In Kubernetes, Managing storage is a distinct problem from managing compute. The PersistentVolume subsystem provides an API for users and administrators that abstracts details of how storage is provided from how it is consumed. To do this we introduce two new API resources in kubernetes: PersistentVolume and PersistentVolumeClaim.
A PersistentVolume (PV) is a piece of networked storage in the cluster that has been provisioned by an administrator. It is a resource in the cluster just like a node is a cluster resource. PVs are volume plugins like Volumes, but have a lifecycle independent of any individual pod that uses the PV. This API object captures the details of the implementation of the storage, be that NFS, iSCSI, or a cloud-provider-specific storage system.
A PersistentVolumeClaim (PVC) is a request for storage by a user. It is similar to a pod. Pods consume node resources and PVCs consume PV resources. Pods can request specific levels of resources (CPU and Memory). Claims can request specific size and access modes (e.g, can be mounted once read/write or many times read-only).
In simple words, Containers in Kubernetes Cluster need some storage which should be persistent even if the container goes down or no longer needed.
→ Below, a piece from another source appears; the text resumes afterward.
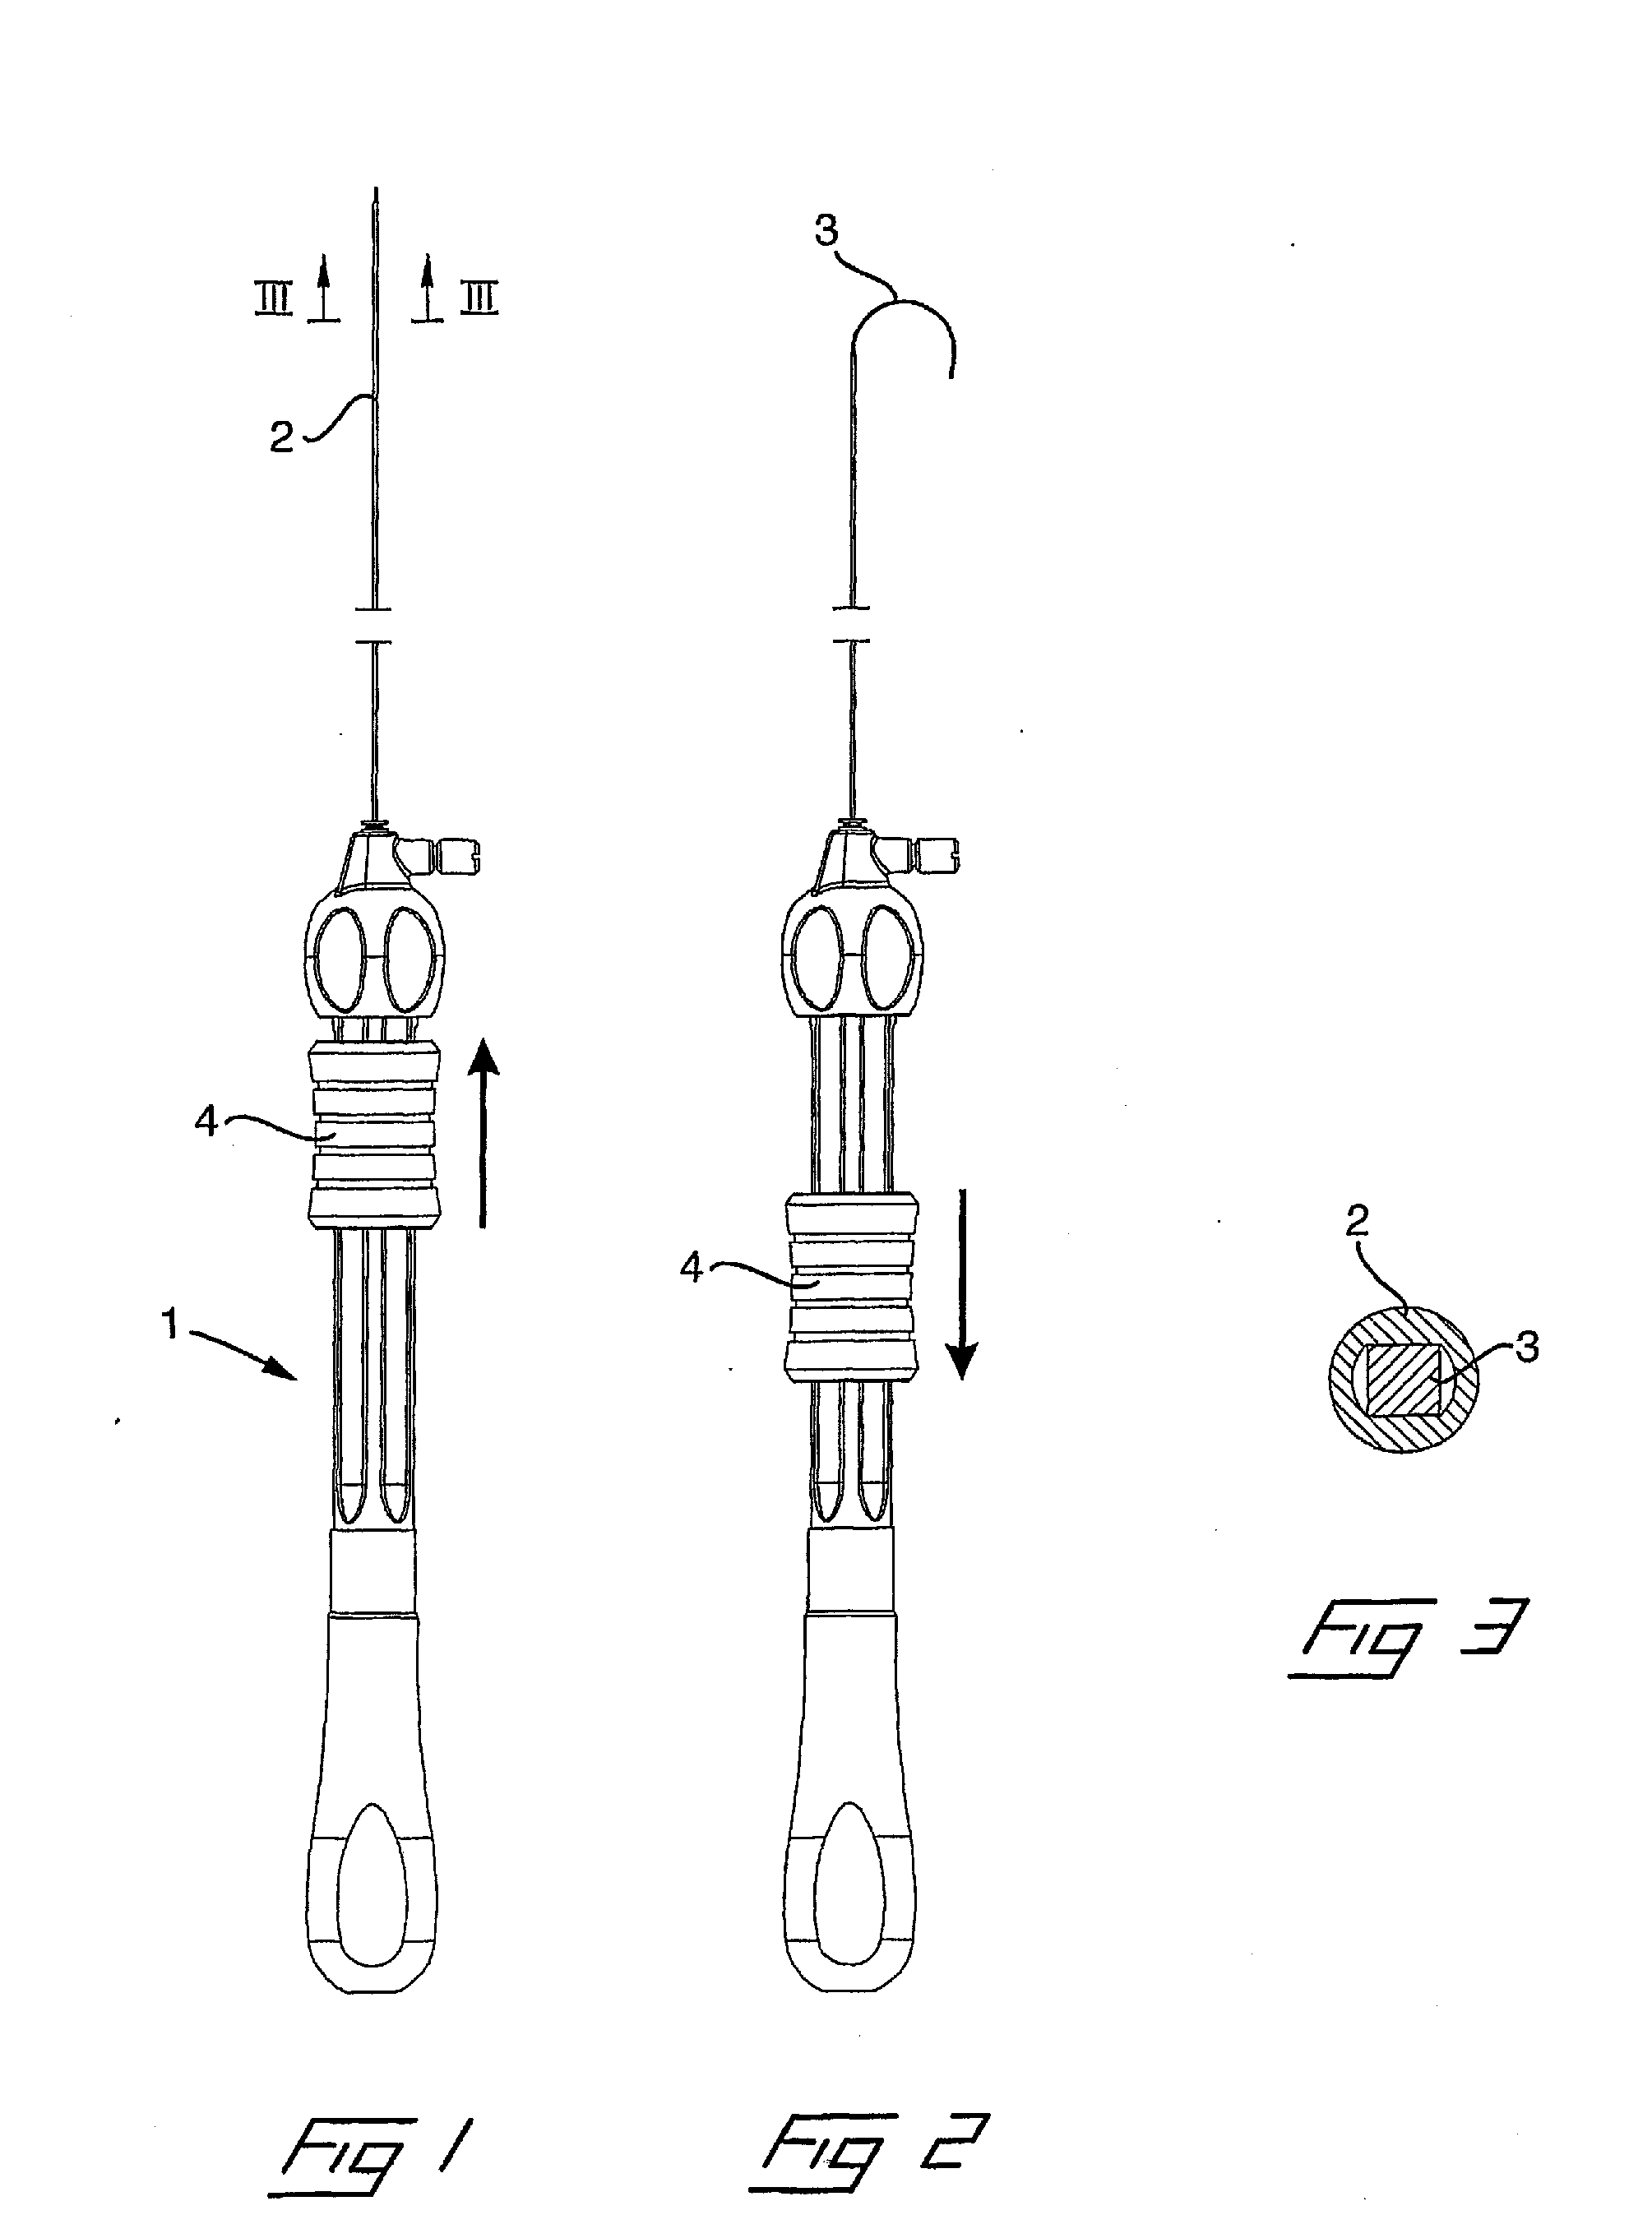 Steerable stylet for an implantable medical lead, and method for manufacture thereof

So Kubernetes Administrator creates a Storage(GlusterFS storage, In this case) and creates a PV for that storage. When a Developer (Kubernetes cluster user) needs a Persistent Volume in a container, creates a Persistent Volume claim. Persistent Volume Claim will contain the options which Developer needs in the pods. So from list of Persistent Volume the best match is selected for the claim and Binded to the claim. Now the developer can use the claim in the pods.
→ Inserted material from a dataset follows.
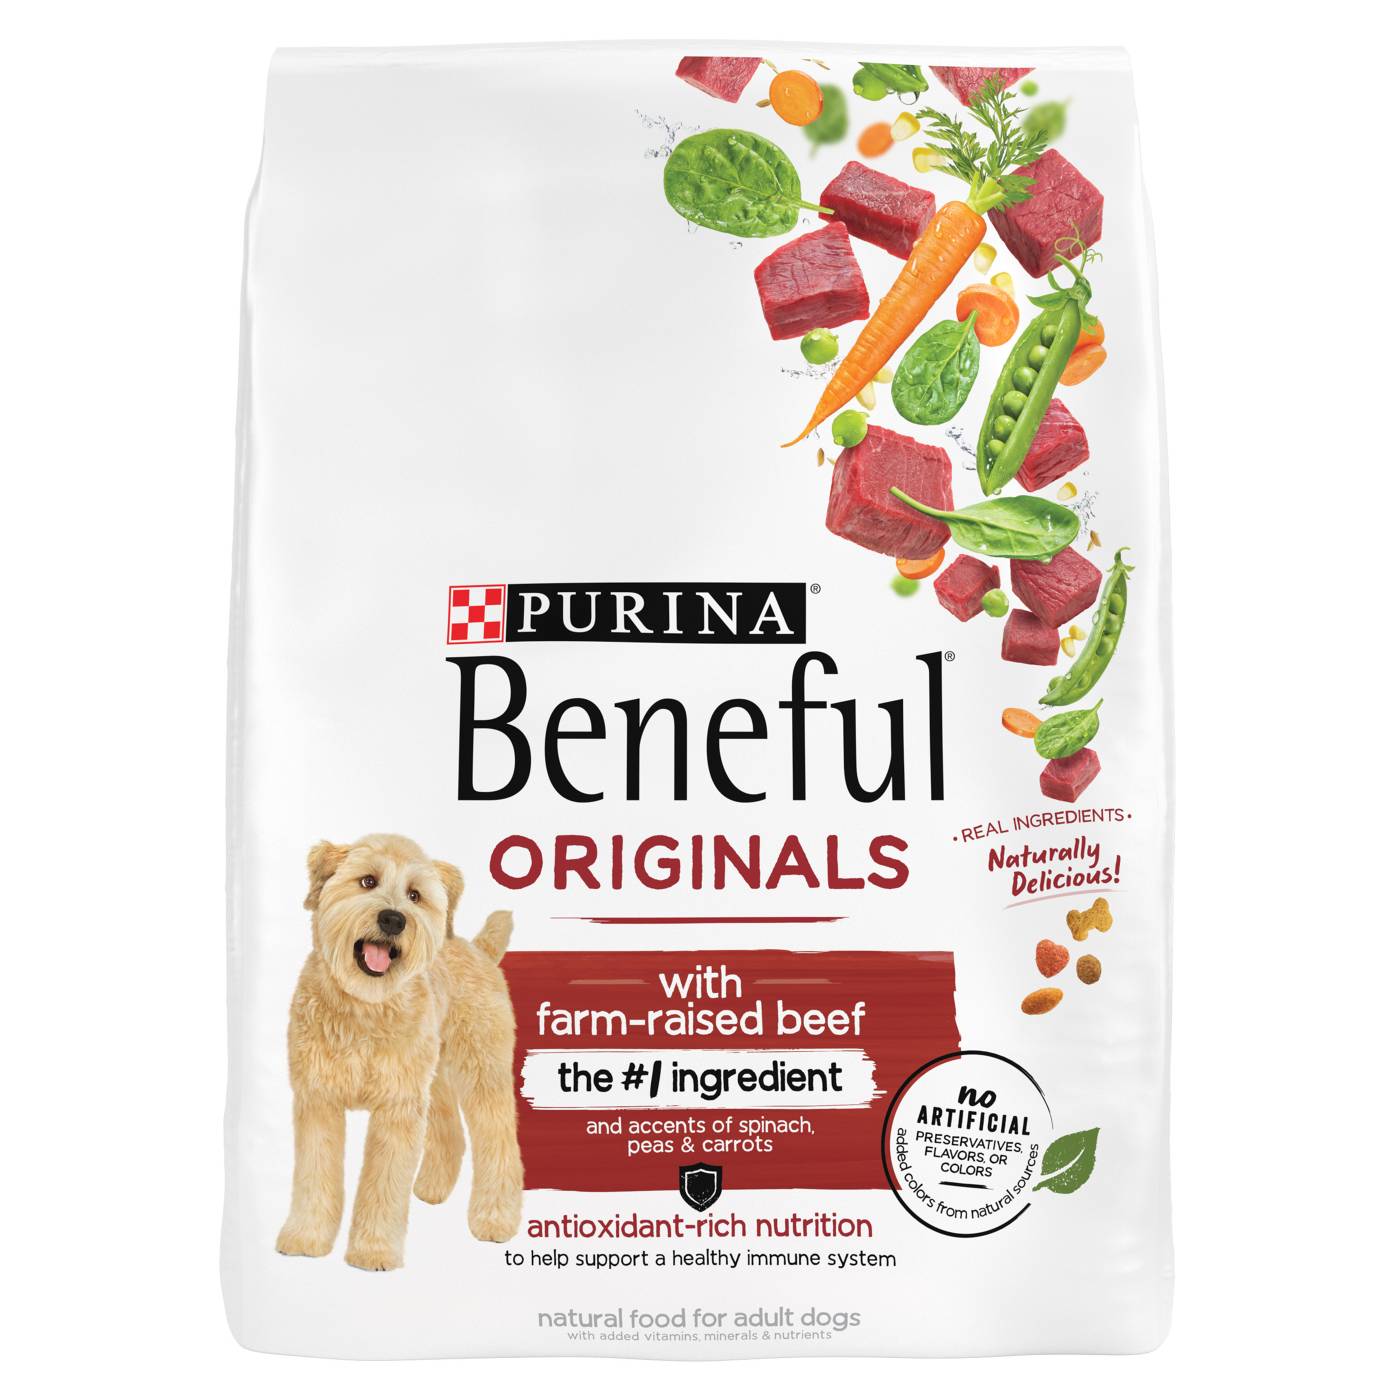 Beneful Purina Beneful Originals With Farm-Raised Beef, With Real Meat Dog Food; image 1 of 9

Need a Kubernetes or Openshift cluster, My setup is one master and three nodes.
Note: you can use kubectl in place of oc, oc is openshift controller which is a wrapper around kubectl. I am not sure about the difference.
#oc get nodes
NAME LABELS STATUS AGE
dhcp42-144.example.com kubernetes.io/hostname=dhcp42-144.example.com,name=node3 Ready 15d
dhcp42-235.example.com kubernetes.io/hostname=dhcp42-235.example.com,name=node1 Ready 15d
dhcp43-174.example.com kubernetes.io/hostname=dhcp43-174.example.com,name=node2 Ready 15d
dhcp43-183.example.com kubernetes.io/hostname=dhcp43-183.example.com,name=master Ready,SchedulingDisabled 15d
2) Have a GlusterFS cluster setup, Create a GlusterFS Volume and start the GlusterFS volume.
# gluster v status
Status of volume: gluster_vol
Gluster process TCP Port RDMA Port Online Pid
Brick 188.8.131.52:/gluster_brick 49152 0 Y 8771
Brick 184.108.40.206:/gluster_brick 49152 0 Y 7443
NFS Server on localhost 2049 0 Y 7463
NFS Server on 220.127.116.11 2049 0 Y 8792
Task Status of Volume gluster_vol
There are no active volume tasks
3) All nodes in kubernetes cluster must have GlusterFS-Client Package installed.
Now we have the prerequisites \o/ …
In Kube-master administrator has to write required yaml file which will be given as input to the kube cluster.
There are three files to be written by administrator and one by Developer.
Service Keeps the endpoint to be persistent or active.
Endpoint is the file which points to the GlusterFS cluster location.
PV is Persistent Volume where the administrator will define the gluster volume name, capacity of volume and access mode.
PVC is persistent volume claim where developer defines the type of storage as needed.
STEP 1: Create a service for the gluster volume.
# cat gluster_pod/gluster-service.yaml
- port: 1
# oc create -f gluster_pod/gluster-service.yaml
service "glusterfs-cluster" created
# oc get service
NAME CLUSTER_IP EXTERNAL_IP PORT(S) SELECTOR AGE
glusterfs-cluster 172.30.251.13 <none> 1/TCP <none> 9m
kubernetes 172.30.0.1 <none> 443/TCP,53/UDP,53/TCP <none> 16d
STEP 2: Create an Endpoint for the gluster service
# cat gluster_pod/gluster-endpoints.yaml
- ip: 18.104.22.168
- port: 1
The ip here is the glusterfs cluster ip.
# oc create -f gluster_pod/gluster-endpoints.yaml
endpoints "glusterfs-cluster" created
# oc get endpoints
NAME ENDPOINTS AGE
glusterfs-cluster 22.214.171.124:1 3m
kubernetes 126.96.36.199:8053,188.8.131.52:8443,184.108.40.206:8053 16d
STEP 3: Create a PV for the gluster volume.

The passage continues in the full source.